Arafat came to Paris as a leader who had lost the support of his people for a settlement with Israel. Barak, on the other hand, despite coming to power with US backing and a pledge to reach an agreement with the Palestinians, was a hostage to right-wing and religious fundamentalists who are opposed to ceding an inch of territory to the Palestinians.

While the visit of Ariel Sharon and his huge armed entourage to Jerusalem's holy places provoked the Palestinian eruption, the anger that lay behind it had been building up for years. Far from alleviating the suffering of the Palestinians, the land-for-peace deals organised under the Oslo and Wye Valley agreements have exacerbated the wretched conditions of their existence.

The scale of the riots far outweighs that of the intifida in the late 1980s, and expresses the Palestinians' growing disillusionment with the misnamed peace process. As Arafat himself has acknowledged, the days when he was one of the most popular figures among the Palestinians and particularly the youth have long gone. These forces now tear up his picture. Had the peace process brought any tangible benefits for the masses, Arafat would have been able to go before them, condemn Israel's provocation and appeal for calm. Instead, he was both invisible and silent as the battle raged between the Palestinians and the Israeli armed forces. Never known for being camera shy in the past, he was conspicuously absent from the world's television screens. His first act was to race as fast as he could to meet Albright and Barak.

Arafat's political isolation graphically illustrates the failure of the perspective of bourgeois nationalism to achieve a progressive solution for the Palestinians.
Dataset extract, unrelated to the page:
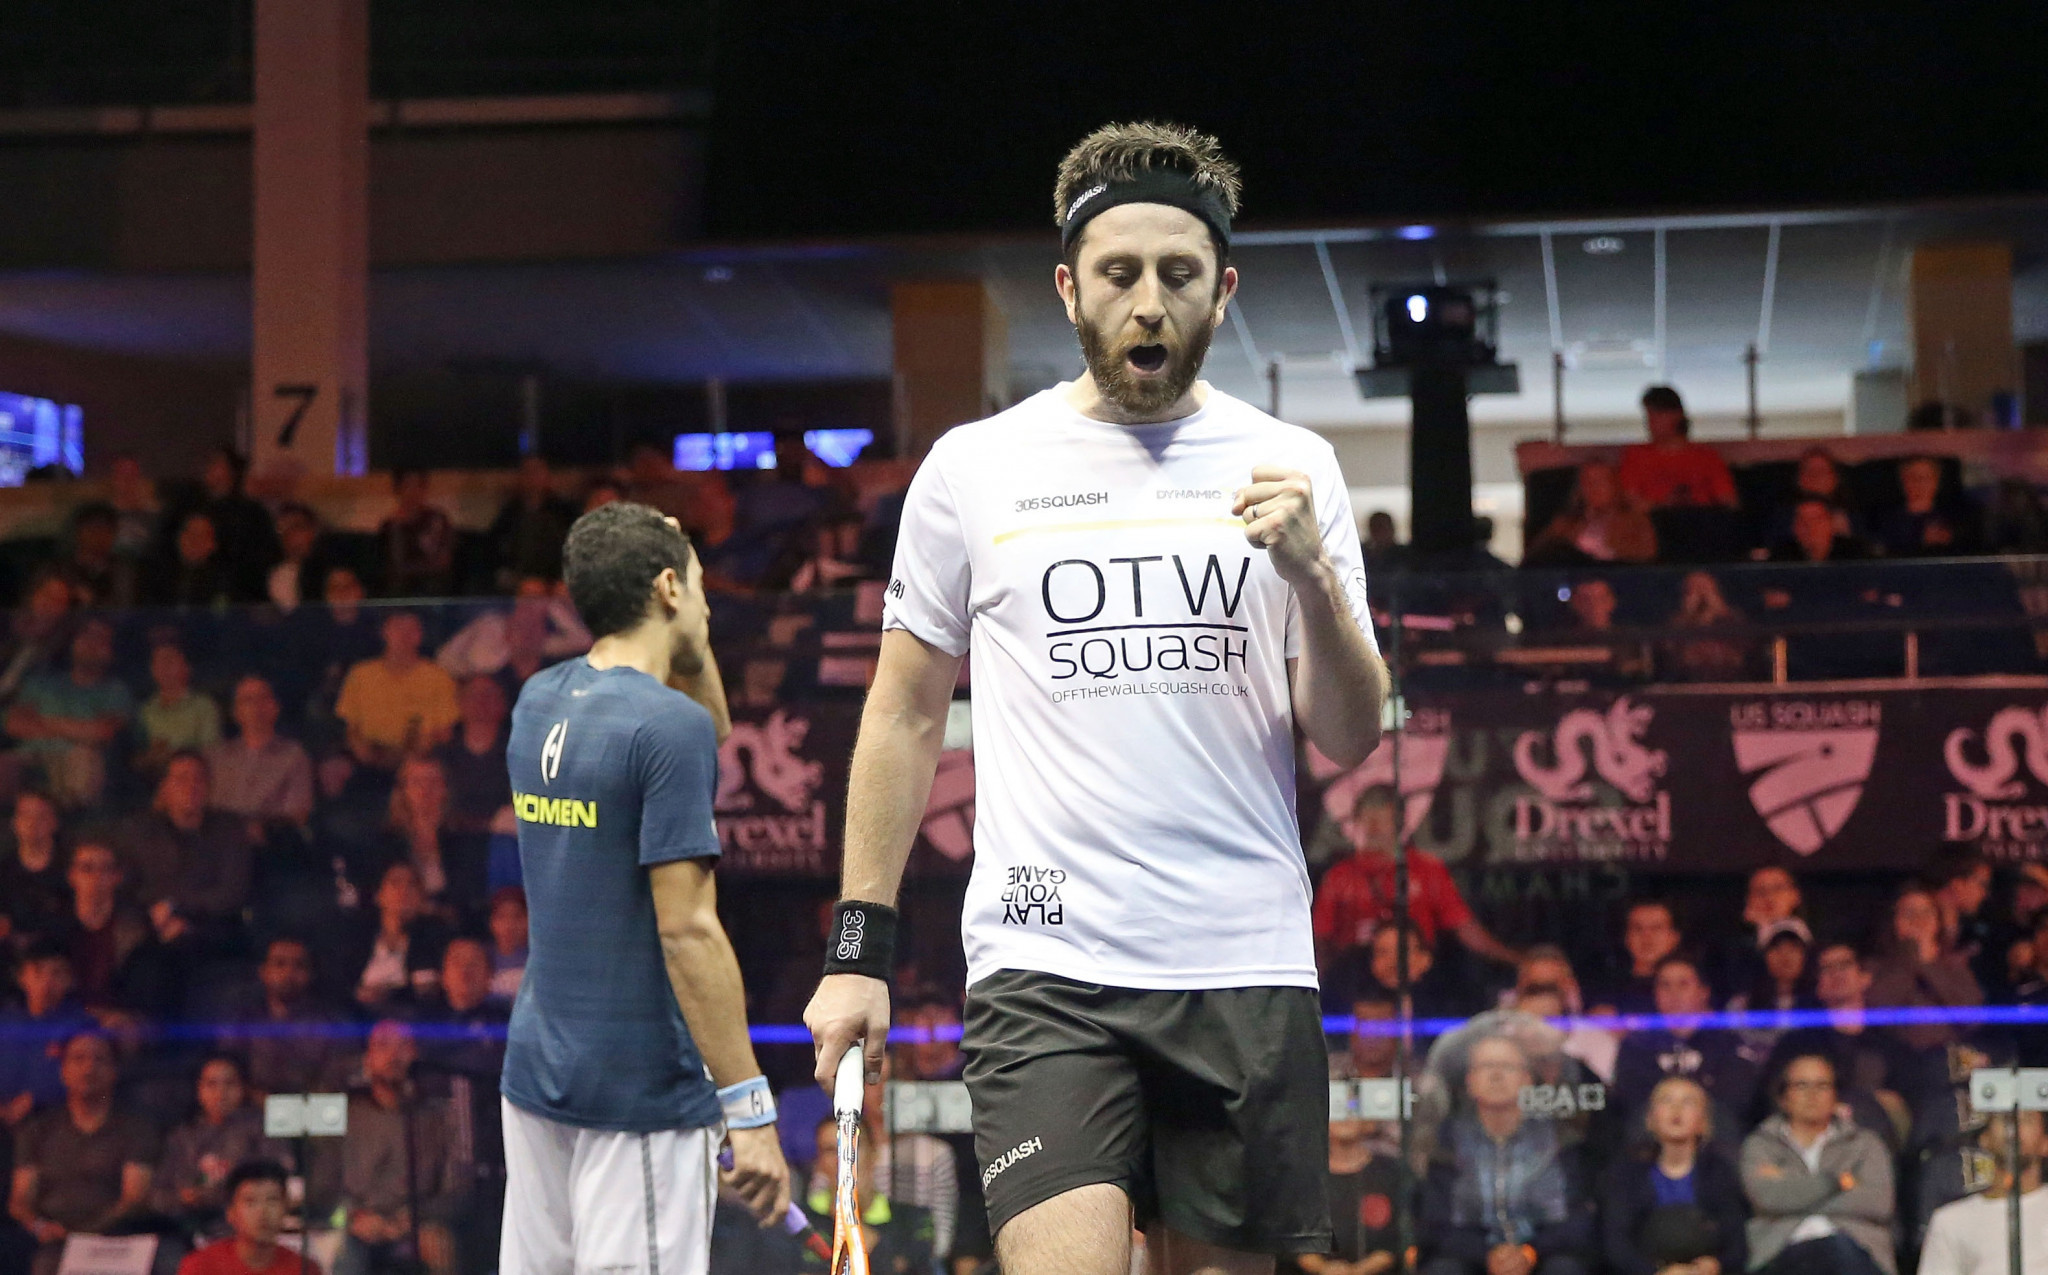 Daryl Selby earned a dramatic five set win over Tarek Momen ©PSA

It has proved to be a blind alley that serves overwhelmingly the interests of the privileged few, not those of the workers, peasants and their families.

Barak, on the other hand, despite winning a landslide victory only last year on a “land for peace” platform, is beholden to the right-wing nationalist parties and fanatical religious movements that hold Israeli politics in a vice. Progress in the peace talks was entirely dependent upon accommodating them, despite their opposition to a deal with Arafat and the Palestinians. At every point, he made concessions to his right-wing coalition partners. Shas, a religious party, demanded and won funding for its network of religious colleges, schools and welfare services. Yisrael B'Aliya, the Russian immigrant party, refused to yield the Zionist settlements on the West Bank and East Jerusalem.
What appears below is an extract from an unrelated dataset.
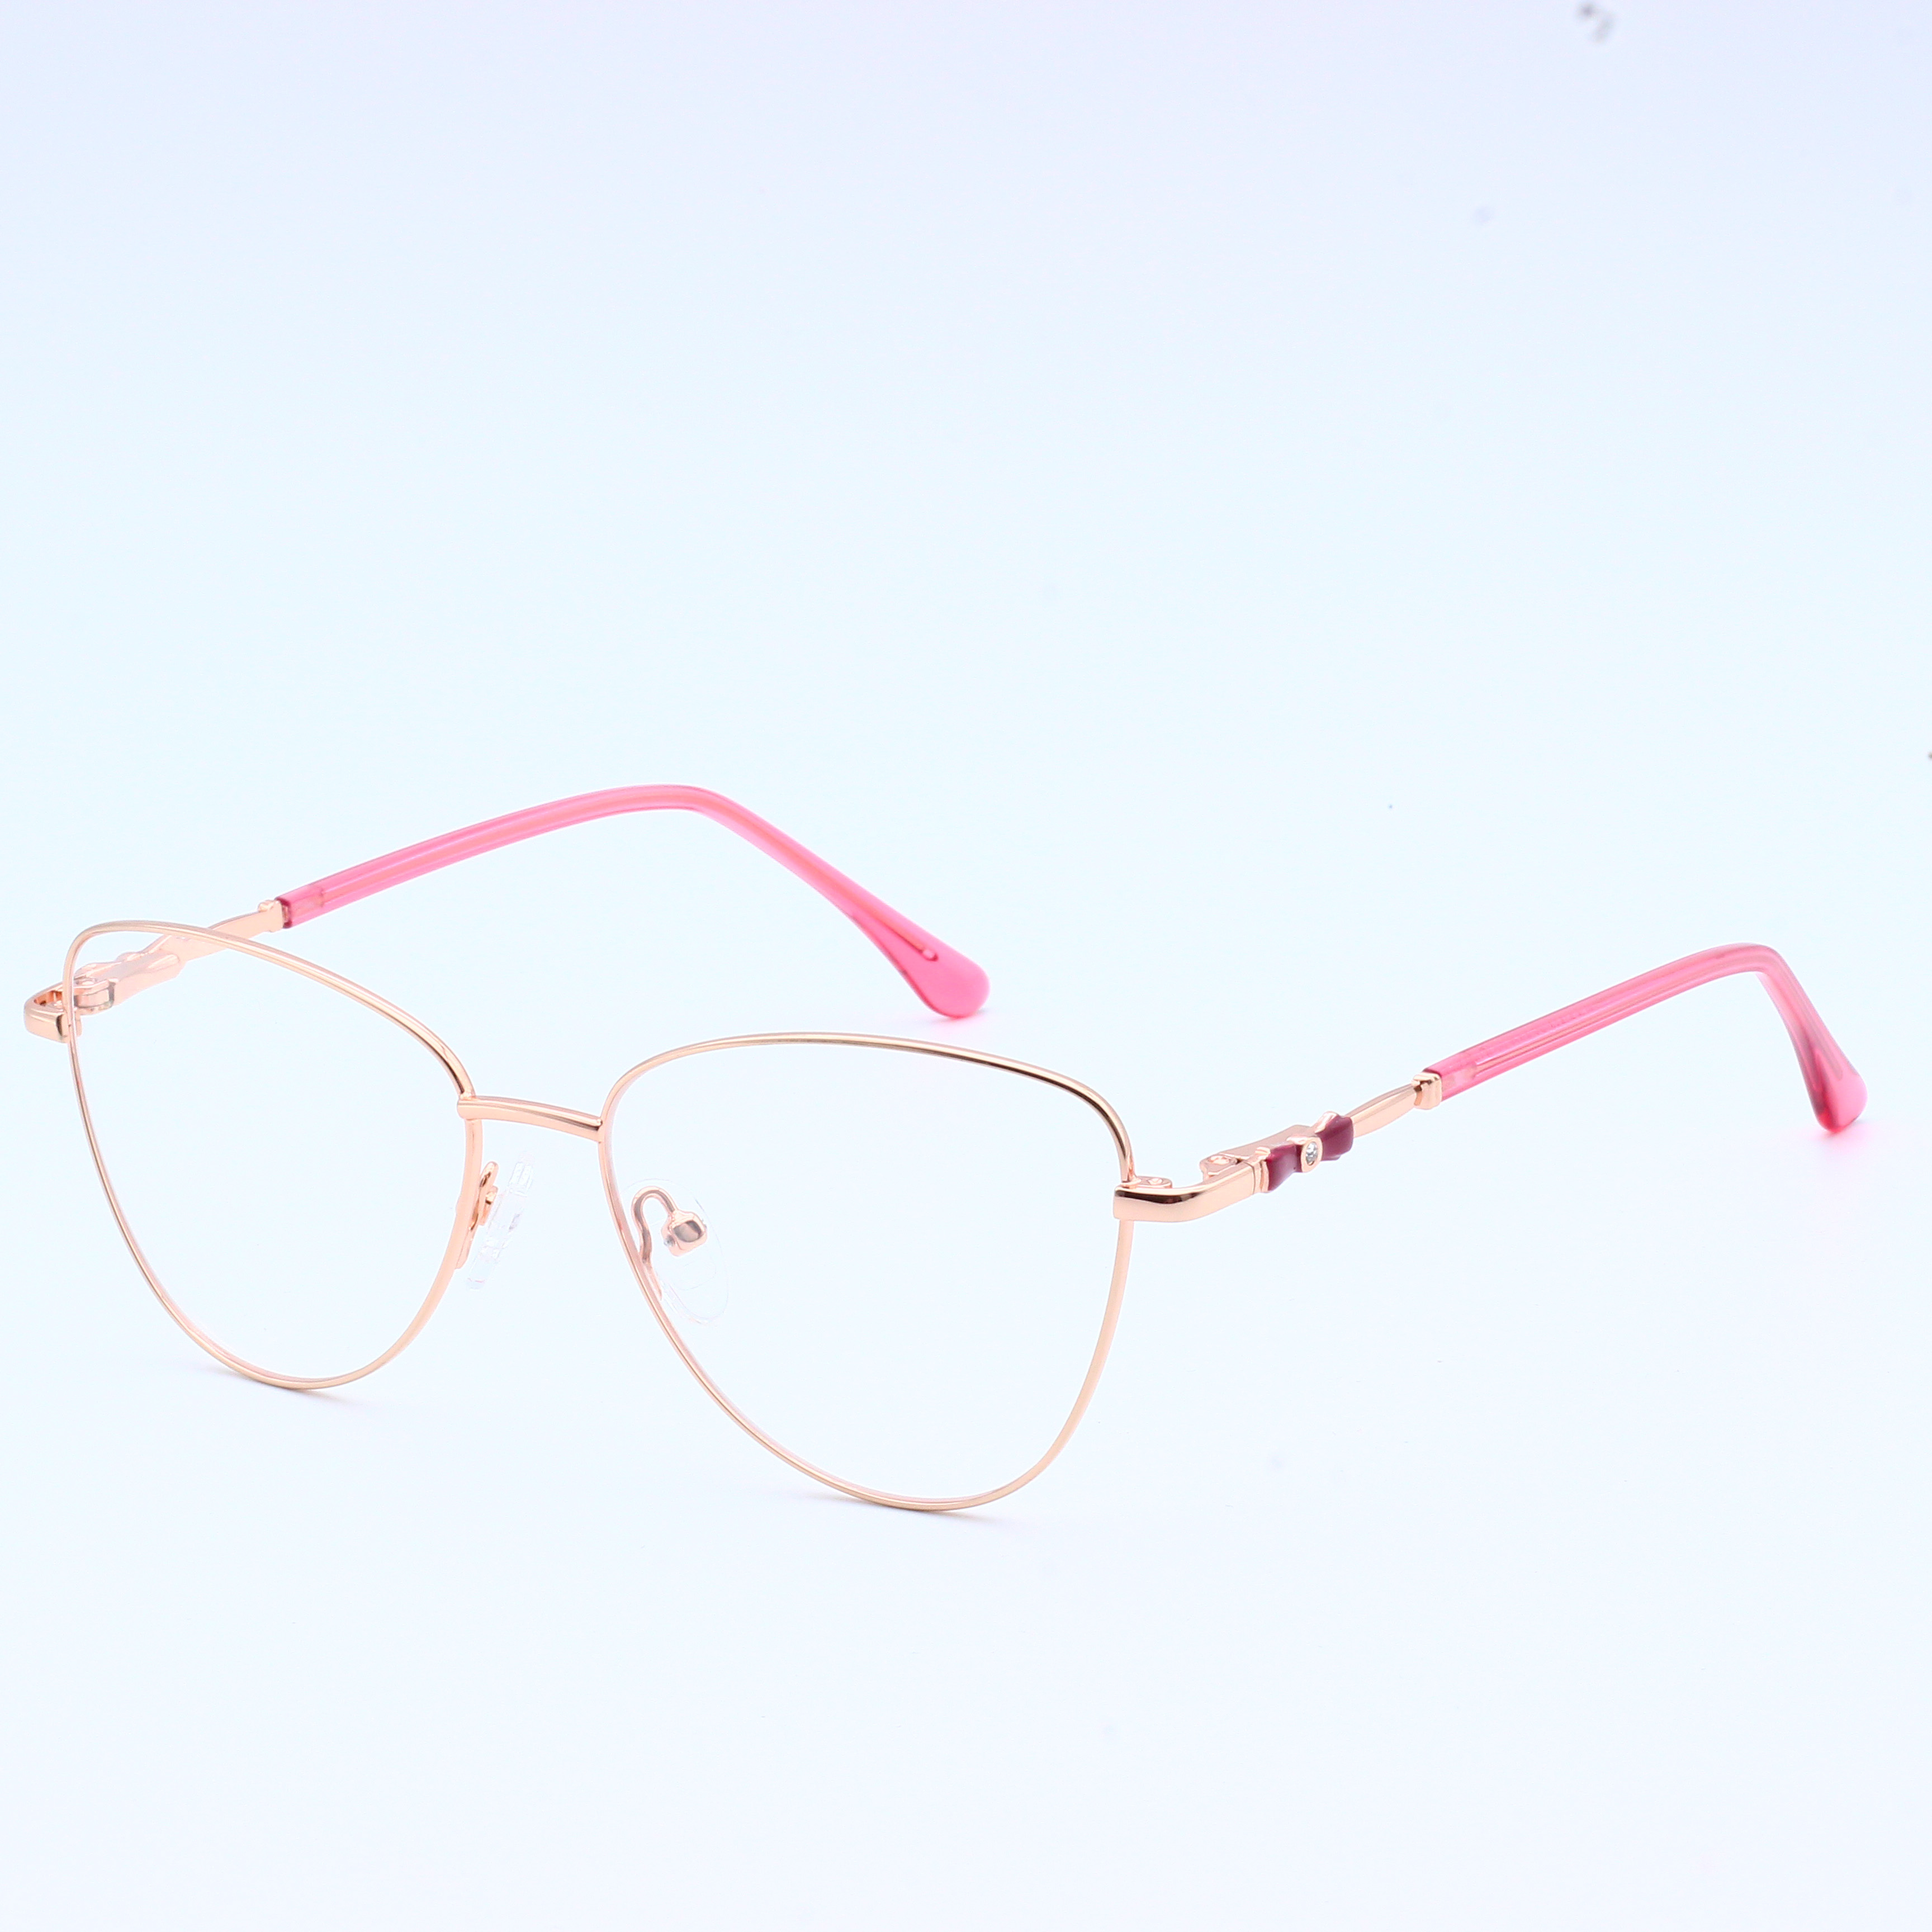 Eyeglasses Business Optical spectacle Frames In Stock (8)

Barak faces the imminent collapse of his government when parliament reconvenes at the end of October. He calculated that, despite the risks entailed in allowing Ariel Sharon and the Likud Party's provocative visit to Jerusalem's holy places to demonstrate Israel's sovereignty over the whole of Jerusalem, the risks in alienating Likud and its supporters were even greater. Even though the security forces on the Temple Mount could have turned Sharon and his huge armed entourage away, Barak allowed the visit to go ahead.

Barak has not uttered one word of criticism of Sharon. Instead his government have blamed the Palestinians for the bloodshed his visit unleashed.

Dependent upon maintaining a Jewish majority for the peace talks, Barak turned his back on the Arab MPs, who represent 20 percent of Israel's population and who support the peace process. Although materially much better off than Arabs in the Palestinian-controlled areas, their incomes are much lower than the Israeli average. They face systematic discrimination in jobs, schools, housing and social services. No new Arab towns have been built, and until a court decision earlier this year, Israeli Arabs were barred from buying land and building homes in much of Israel. As a result, their towns are cramped and squalid.

Now, for the first time, Israeli Arabs have come out on the streets to openly support their Palestinian brothers outside Israel's borders. Uprisings have broken out in Nazareth, in the north of Israel, and even more importantly in Jaffa, part of the Tel Aviv conurbation. Israeli citizens are now being shelled and 11 Israeli Arabs have lost their lives during the protests. The prospect of civil war looms.

In response, Barak is seeking to form an emergency government with Likud—the very force responsible for the present situation.